The number of metals discovered beneath the surface, including the metallic basis of the earth and alkalies, amounts to forty-two, but metals, commonly so-called, number only twenty-nine. These are platinum, gold, tungsten, mercury, lead, palladium, silver, bismuth, uranium, vanadium, copper, cadmium, cobalt, arsenic, nickel, iron, molybdenum, tin, zinc, antimony, tellurium, manganese, tatiaum, chromium, columbium, rhodium, iridium, osmium, cerium. Many of these, however, are so rare, that as yet they are of no practical use. Gold has been known from the earliest ages, and is found in scales, threads, grains, and rolled masses, or nuggets, which latter have been discovered in California and Australia weighing from twenty to thirty pounds, but the largest of all met with was in Asia, on the southern side of the Urals.
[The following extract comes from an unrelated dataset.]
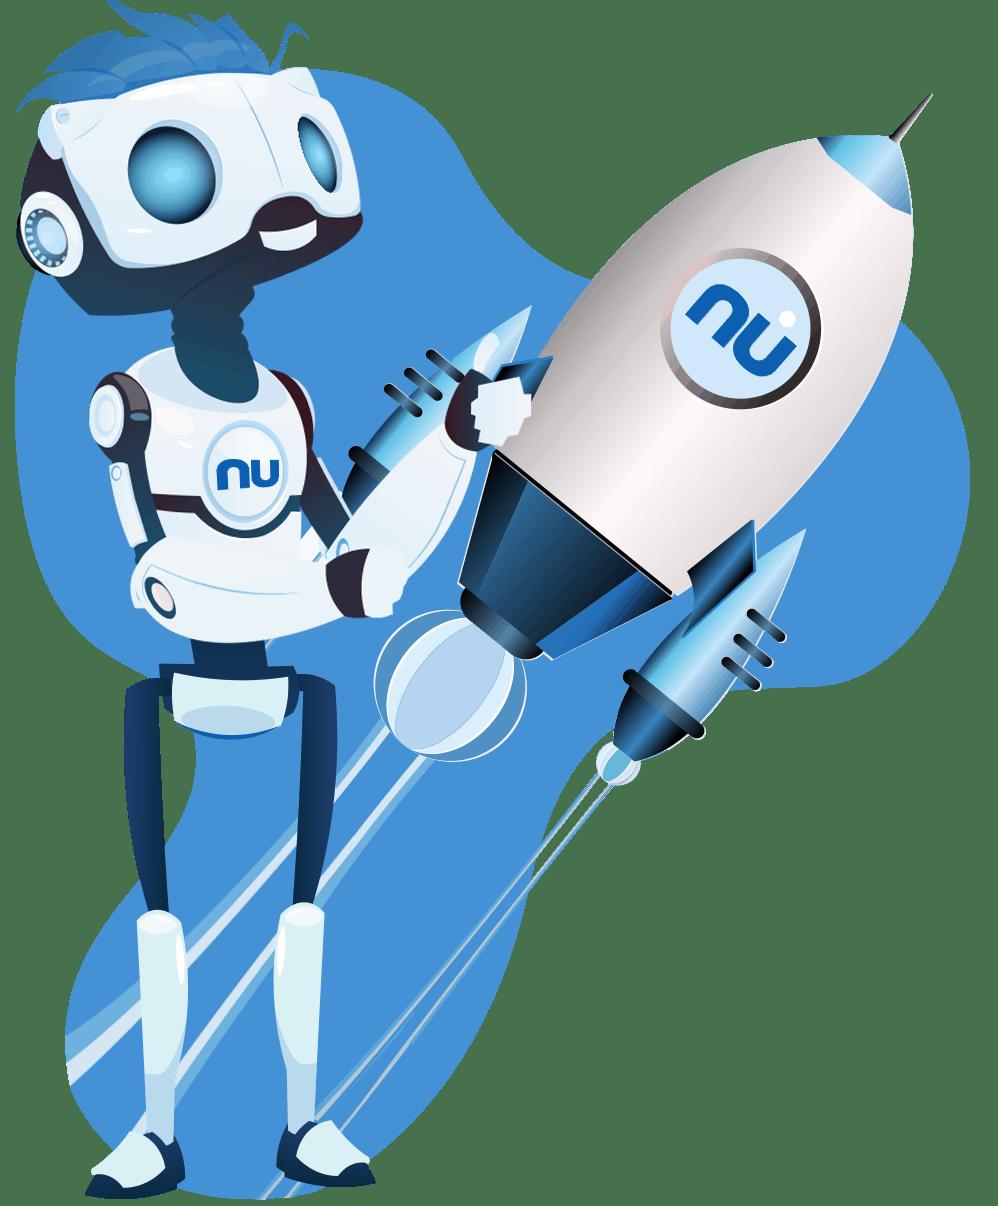 nusenet usenet newsgroup rocket speeds

Large quantities of gold were discovered on a marshy plain which had been thoroughly turned over, when it was resolved to take down the buildings in which the gold was washed, and under the very corner of one of them a lump was found, weighing no less than ninety-six and a-half pounds troy, and valued at 4000 pounds. Gold has been found in Scotland, and in the county of Wicklow, Ireland, where about 10,000 pounds worth was picked up in the bed of a river by the inhabitants, before the Government became aware of its existence. Gold is so malleable that a single grain can be beaten out to form a gold leaf covering a surface of fifty-six square inches, and it is so ductile that the same quantity may be drawn into a wire 500 feet in length. Silver is found embedded in various rocks, where it occurs in veins, assuming arborescent or thread-like forms, and occasionally appearing in large masses. The largest mass found in Europe was brought from Kongsberg, in Norway, weighing upwards of 560 pounds, but another, won from the mines of Peru, was said to weigh 800 pounds. The celebrated mines of Potosi, 10,000 feet above the sea, were discovered in 1545 by an Indian who, when chasing a deer, laid hold of a shrub to assist in his ascent; it came up by the roots, to which he found attached a quantity of glittering particles, which he at once knew to be silver. Veins of silver have been discovered in England and Scotland, but generally mixed with lead.

Iron, the most useful of all metals, is found in large quantities in England, in many parts of Europe, and the United States. At one time Sussex was full of iron mines, the furnaces being fed with charcoal, until so extensive was the destruction of the woods and forests that the Government interfered, and placed restrictions on the consumption of the timber.

On the discovery of the present method of smelting with pit coal, the works, which at one time numbered 140 in Sussex alone, were abandoned, and hop-fields now cover the ground where furnaces once blazed.